Module saev.visuals

There is some important notation used only in this file to dramatically shorten variable names.

Variables suffixed with _im refer to entire images, and variables suffixed with _p refer to patches.

Functions

def batched_idx(total_size: int, batch_size: int) ‑> collections.abc.Iterator[tuple[int, int]]

Iterate over (start, end) indices for total_size examples, where end - start is at most batch_size.

Args

total_size
total number of examples
batch_size
maximum distance between the generated indices.

Returns

A generator of (int, int) tuples that can slice up a list or a tensor.

def dump_activations(cfg: Visuals)

Dump ViT activation statistics for later use.

The dataset described by cfg is processed to find the images or patches that maximally activate each SAE latent. Various tensors summarising these activations are then written to cfg.root so they can be loaded by other tools.

Args

cfg
options controlling which activations are processed and where the resulting files are saved.

Returns

None. All data is saved to disk.

def gather_batched(value: jaxtyping.Float[Tensor, 'batch n dim'],
i: jaxtyping.Int[Tensor, 'batch k']) ‑> jaxtyping.Float[Tensor, 'batch k dim']
def get_new_topk(val1: jaxtyping.Float[Tensor, 'd_sae k'],
i1: jaxtyping.Int[Tensor, 'd_sae k'],
val2: jaxtyping.Float[Tensor, 'd_sae k'],
i2: jaxtyping.Int[Tensor, 'd_sae k'],
k: int) ‑> tuple[jaxtyping.Float[Tensor, 'd_sae k'], jaxtyping.Int[Tensor, 'd_sae k']]
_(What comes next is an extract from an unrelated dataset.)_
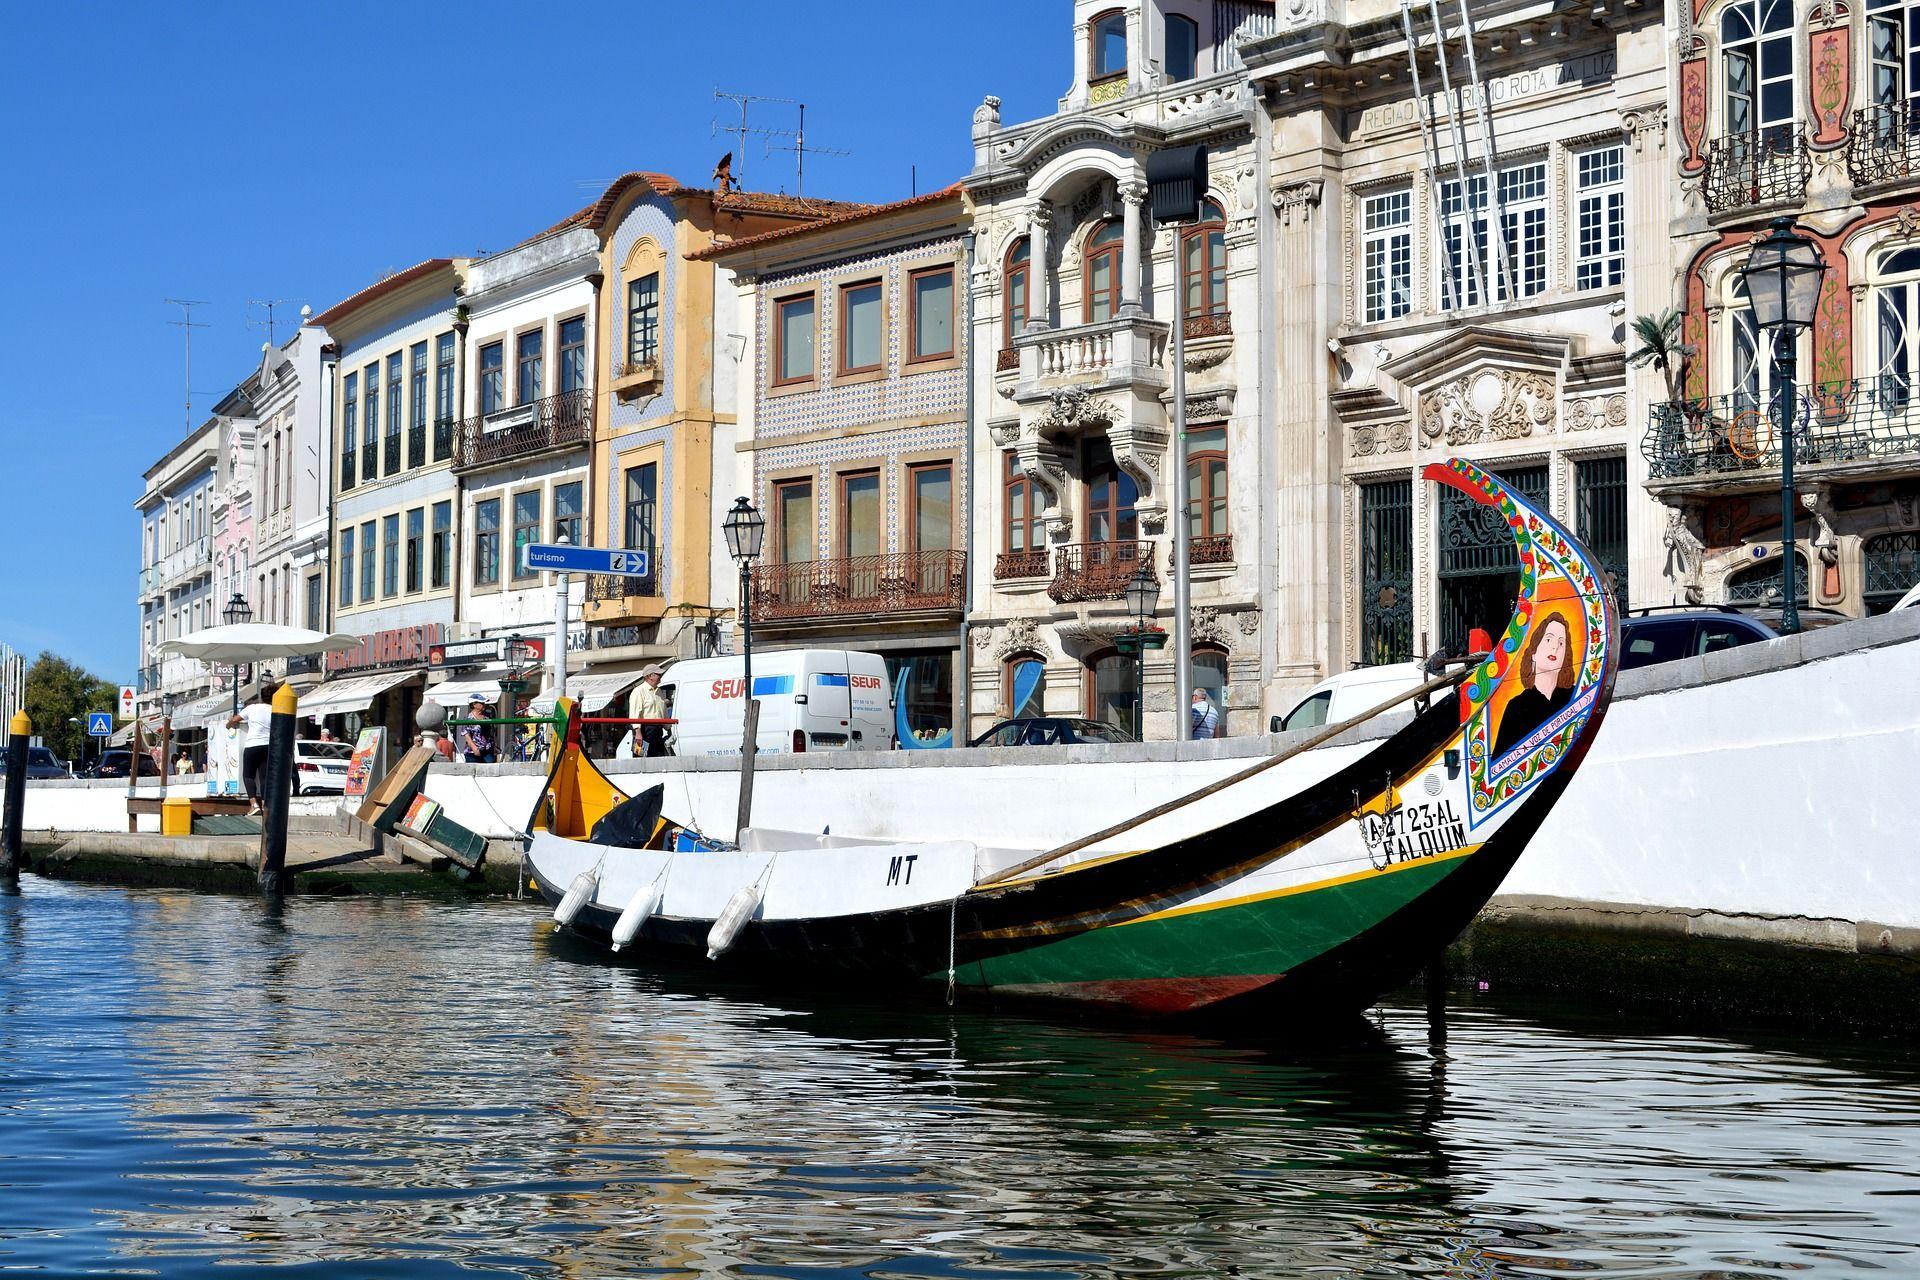 【遇見2021深度歐洲系列】葡萄牙深度10 天(不含機票)

Picks out the new top k values among val1 and val2. Also keeps track of i1 and i2, then indices of the values in the original dataset.

Args

val1
top k original SAE values.
i1
the patch indices of those original top k values.
val2
top k incoming SAE values.
i2
the patch indices of those incoming top k values.
k
k.

Returns

The new top k values and their patch indices.

def get_sae_acts(vit_acts: jaxtyping.Float[Tensor, 'n d_vit'],
sae: SparseAutoencoder,
cfg: Visuals) ‑> jaxtyping.Float[Tensor, 'n d_sae']

Get SAE hidden layer activations for a batch of ViT activations.

Args

vit_acts
Batch of ViT activations
sae
Sparse autoencder.
cfg
Experimental config.
def get_topk_img(cfg: Visuals) ‑> TopKImg

Gets the top k images for each latent in the SAE. The top k images are for latent i are sorted by

max over all images: f_x(cls)[i]

Thus, we will never have duplicate images for a given latent. But we also will not have patch-level activations (a nice heatmap).

Args

cfg
Config.

Returns

A tuple of TopKImg and the first m features' activation distributions.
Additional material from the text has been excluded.